[Buzz]

[ QUOTE ]
If you can please provide calculations for the numerator of those last three percentages, I'd much appreciate it. I still can't make my numbers work. Thanks.

[/ QUOTE ]

Domester - Numerator for the last three percentages? Sure. I didn’t save my scratchwork after I computed and posted. Not sure I’ll do it the same way I did last time. But in any event, what you do is make a chart showing the various possibilities.

You hold A24Q. The low cards in the stub are
3 aces, 3 deuces, 3 fours,
4 treys, 4 fives, 4 sixes, 4 sevens and 4 eights.
The other 19 cards in the stub are all high cards.

After taking out (mentally) of the deck your four card hand there are three cards left in the stub for each of the three low ranks in your hand, and four cards left in the stub for each of the five low ranks not in your hand. There are also nineteen high cards left in the stub.
-------
• 1 rank of low cards on flop. In this case, there must be either one card, two cards, or three cards of a single low rank. The other flop cards must be high cards.
For a single ace, deuce, or four plus two high cards: 3*19*18/2
For a pair of aces, deuces, or fours plus one high card: 3*19
For trip aces, deuces, or fours: 1

For a single trey, five, six, seven or eight plus two high cards: 4*19*18/2
For a pair of treys, fives, sixes, sevens or eights plus one high card: 6*19
For trip treys, fives, sixes, sevens or eights: 4*1

Computing:
3*(513+57+1) = 1713 ways to have a flop with a single rank of aces, deuces, or treys.
5(684+114+4) = 4010 way to have a flop with a single rank of treys, fives, sixes, sevens or eights.
Then 1713+4010 = 5723.

What I just did seems totally strange to me.
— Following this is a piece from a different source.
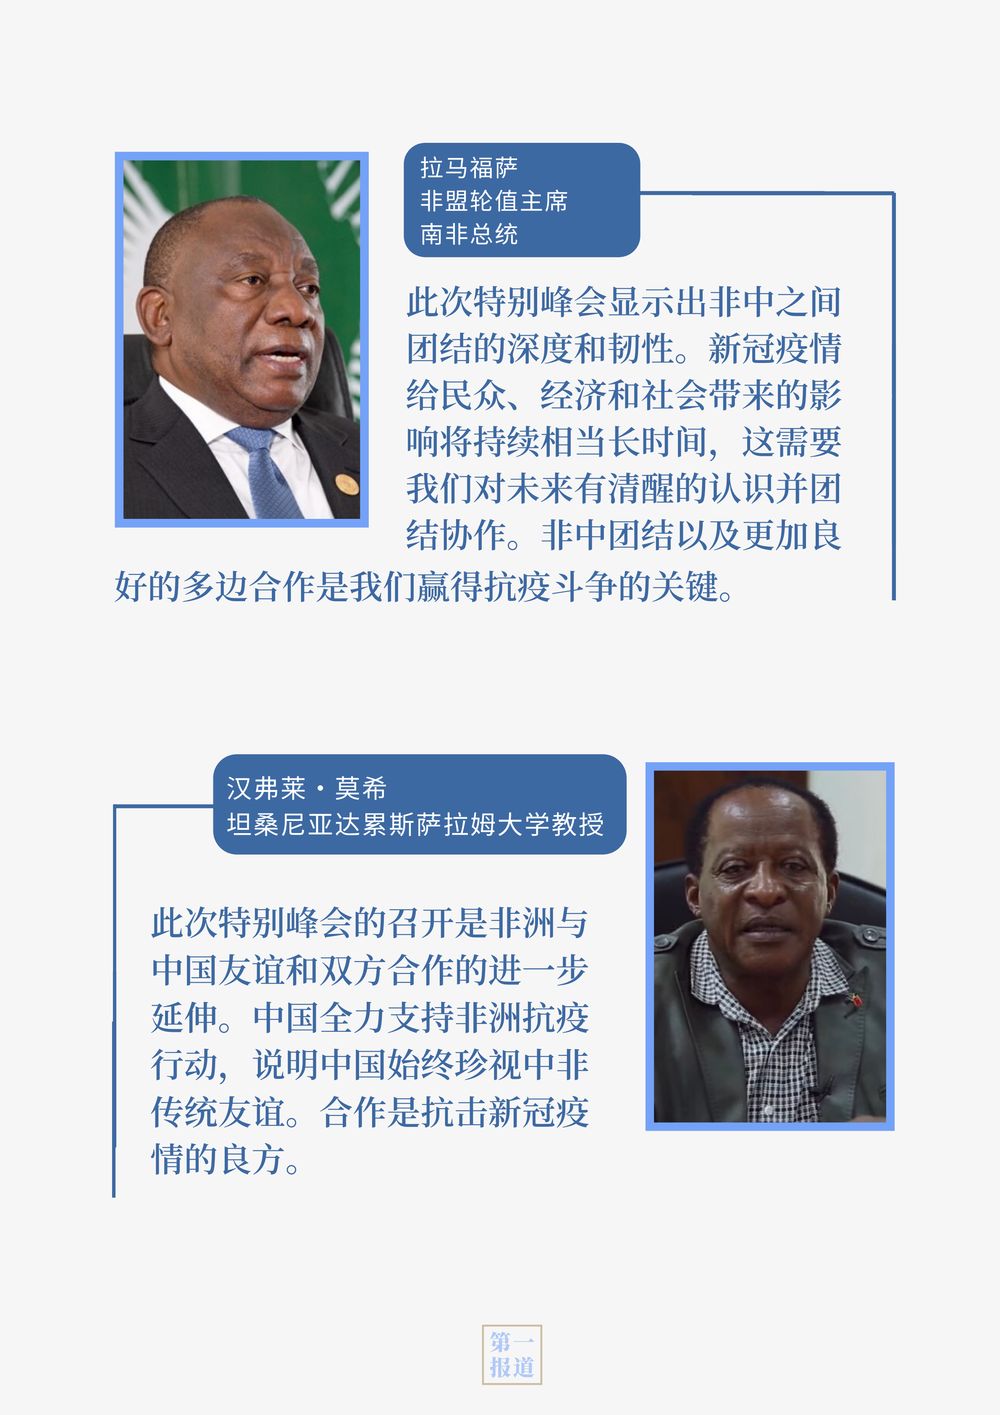 中非团结抗疫特别峰会，让世界感受到中国情谊、中国担当

I must have thought of the solution differently when I answered your prefious post. But in any event, the numerator I’m getting is the same.

Instead of my spending the rest of the night trying to figure out how to make the above response clearer to you, ask about what you don’t understand and maybe I (or somebody else) can explain it to you. Basically, I’m listing the number of possible different combinations that satisfy the requirement of exactly one low rank on the flop, and I’m doing that for each of the different low ranks.
-------
• 2 ranks of low cards on flop. In this case, there must be either a single card of each of two low ranks plus a high card, or there must be a pair of one low rank and a single card of another low rank.
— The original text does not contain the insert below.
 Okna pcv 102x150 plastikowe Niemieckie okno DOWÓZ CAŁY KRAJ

There are two groups of low ranks.

*first group: 3 aces, 3 deuces, 3 fours,
*second group: 4 treys, 4 fives, 4 sixes, 4 sevens and 4 eights.
*The other 19 cards in the stub are all high cards.

Here are all the possibilities:
(d.r. means different rank)
(s.c. means single card)
first group pair + d.r. first group s.c.,
first group pair + second group s.c.,
second group pair + first group s.c.,
second group pair + d.r. second group s.c.,
high card + first group s.c. + d.r. first group s.c.
high card + first group s.c. + second group s.c.
high card + second group s.c. + d.r. second group s.c.

That’s a chart, of sorts, a seven line chart. Honestly it looks contorted to me. last time I did it, as I recall, it was neater. Oh well.
Now I’ll write the number of possibilities for each line. Here goes:
3*3*6 = 54
3*3*20 = 180
5*6*9 = 270
5*6*16 = 480
19*9*6/2 = 513
19*9*20 = 3420
19*20*16/2 = 3040

Then 54+180+270+480+513+3420+3040 = 7957.

That sure looks contorted to me, but lo and behold, it’s the same answer I got before. You can see it’s a bitch doing these. Lots of places to go wrong.
-------
• 3 ranks of low cards on flop.
O.K. here comes the last one. This is actually going to be pretty easy. All three different ranks from group one or group two, then two ranks from one group and one rank from the other.
This one’s sort of a four line chart.
I’ll just write the numbers that lead to an answer without an explanation. Ask if you don’t understand and I’ll try to explain.

20*16*12/6
9*6*3/6
9*20*16/2
20*9*6/2
Computing, 640+27+1440+540 = 2647.

Anyone wants to explain more clearly, be my guest.

Buzz